# Mike? How Long Til After 100 Tape is Ready?



## BQ (May 22, 2000)

Hi Mike, Don't wanna rush ya or anything







. But just curious when it will be ready for distribution? Thanks! BQ


----------



## Clair (Sep 16, 2000)

Ditto. Mike.....Clair


----------



## BR (Apr 12, 2001)

Clair-I don't want to sound dumb, but what's that mean - chocolate biscuits made with breadcrumbs and butterbeans? Sounds kind of gross!


----------



## cookies4marilyn (Jun 30, 2000)

Yeah, Clair, it does sound gross, what is it???BQ and Clair, Mike has a few finishing touches left on the program, but it will be coming out very soon.

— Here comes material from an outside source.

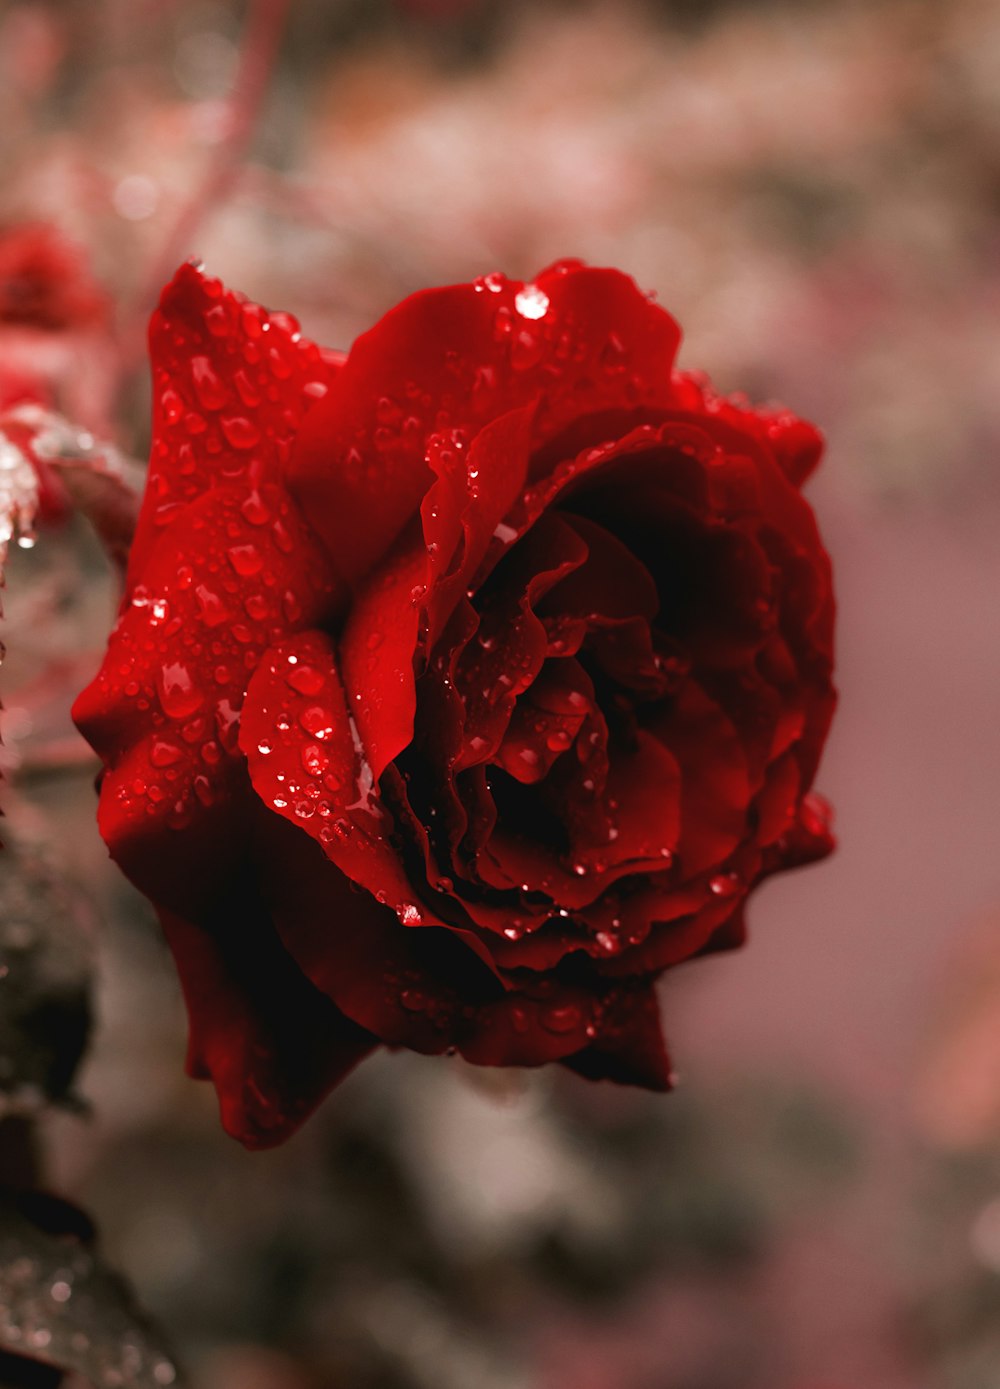 Astonishing Assortment of Full 4K Rose Flower Images – Over 999 Exquisite Shots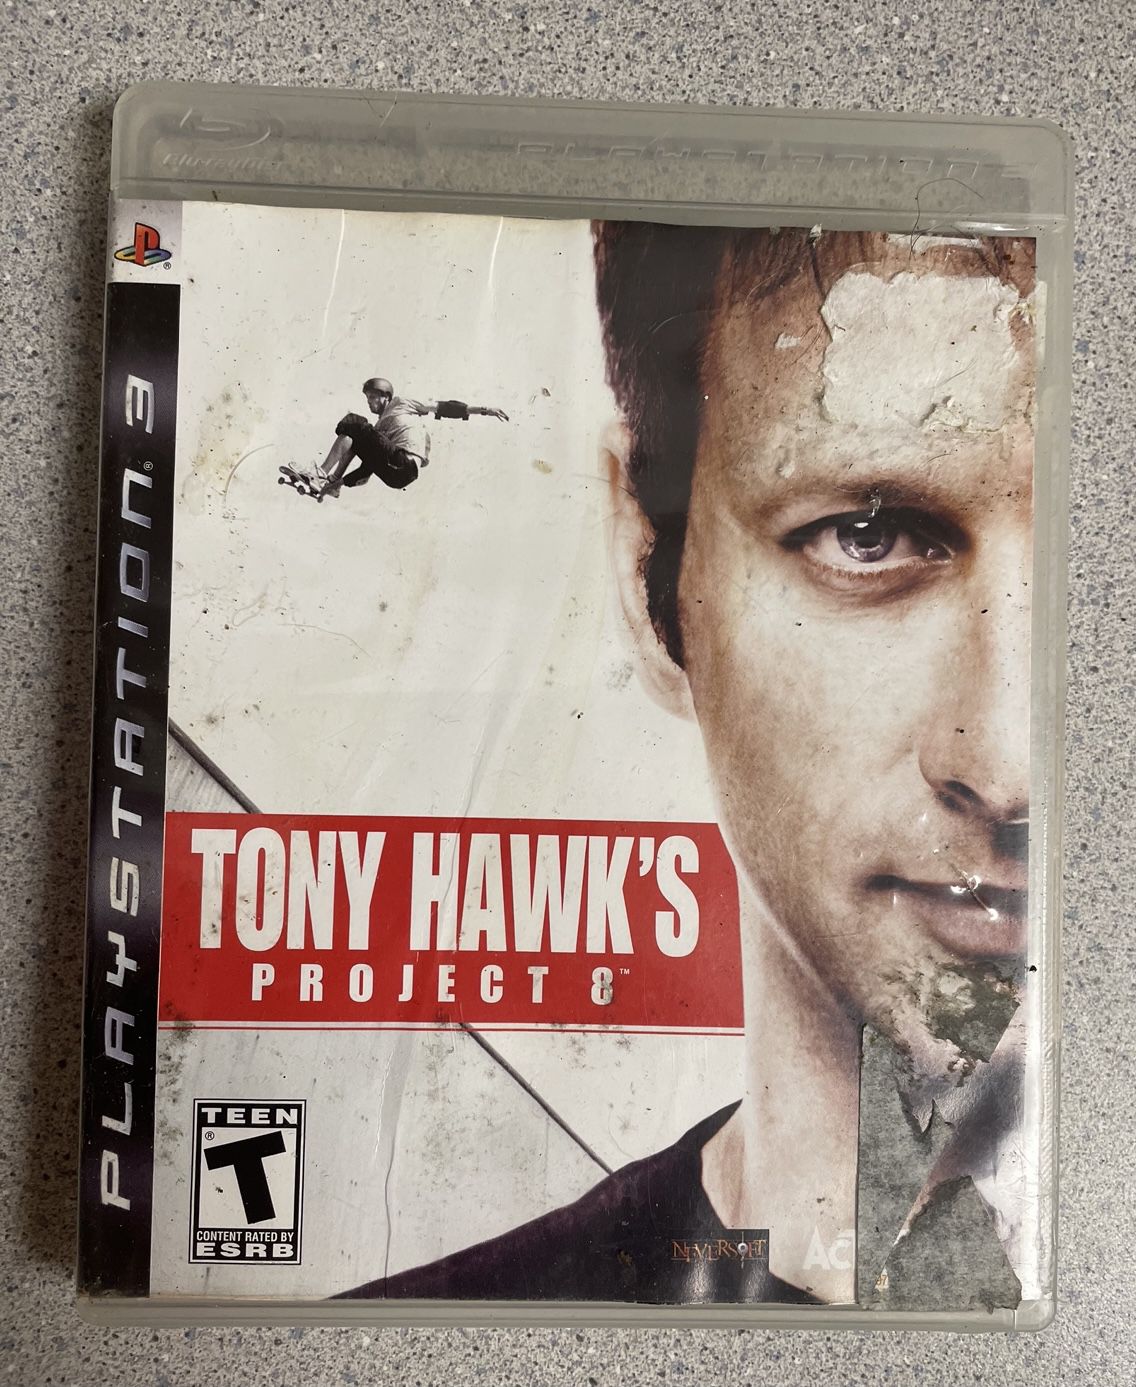 Tony Hawk's Project 8 Sony PlayStation 3 PS3 Game LIKE NEW

He will let everyone know as soon as he can!!! I'll nag him, er, I mean ask him and let you know, or have him let you guys know!!!!LOL







Take care!


----------



## Clair (Sep 16, 2000)

BR & Marilyn,Its a quote from an old british children's programme about a cute old saggy cloth cat called bagpuss - one of the british all time favourite children's programs.check out some pictures atwww.bbc.co.uk/cult/ilove/tv/bagpussThe little mice in the program pretended they could make chocolate biscuits out of breadcrumbs and butterbeans - which was actually a bit of a con because there machine didn't really make choccy biscuits out of these ingredients....they just had one choccy biscuit going around and around the machine!Sounds crazy - but it was quite sweet!Mike! help me out here!Clair


----------



## BR (Apr 12, 2001)

Oh Clair, that's cute. Little bagpuss looks like he is well loved.


----------



## cookies4marilyn (Jun 30, 2000)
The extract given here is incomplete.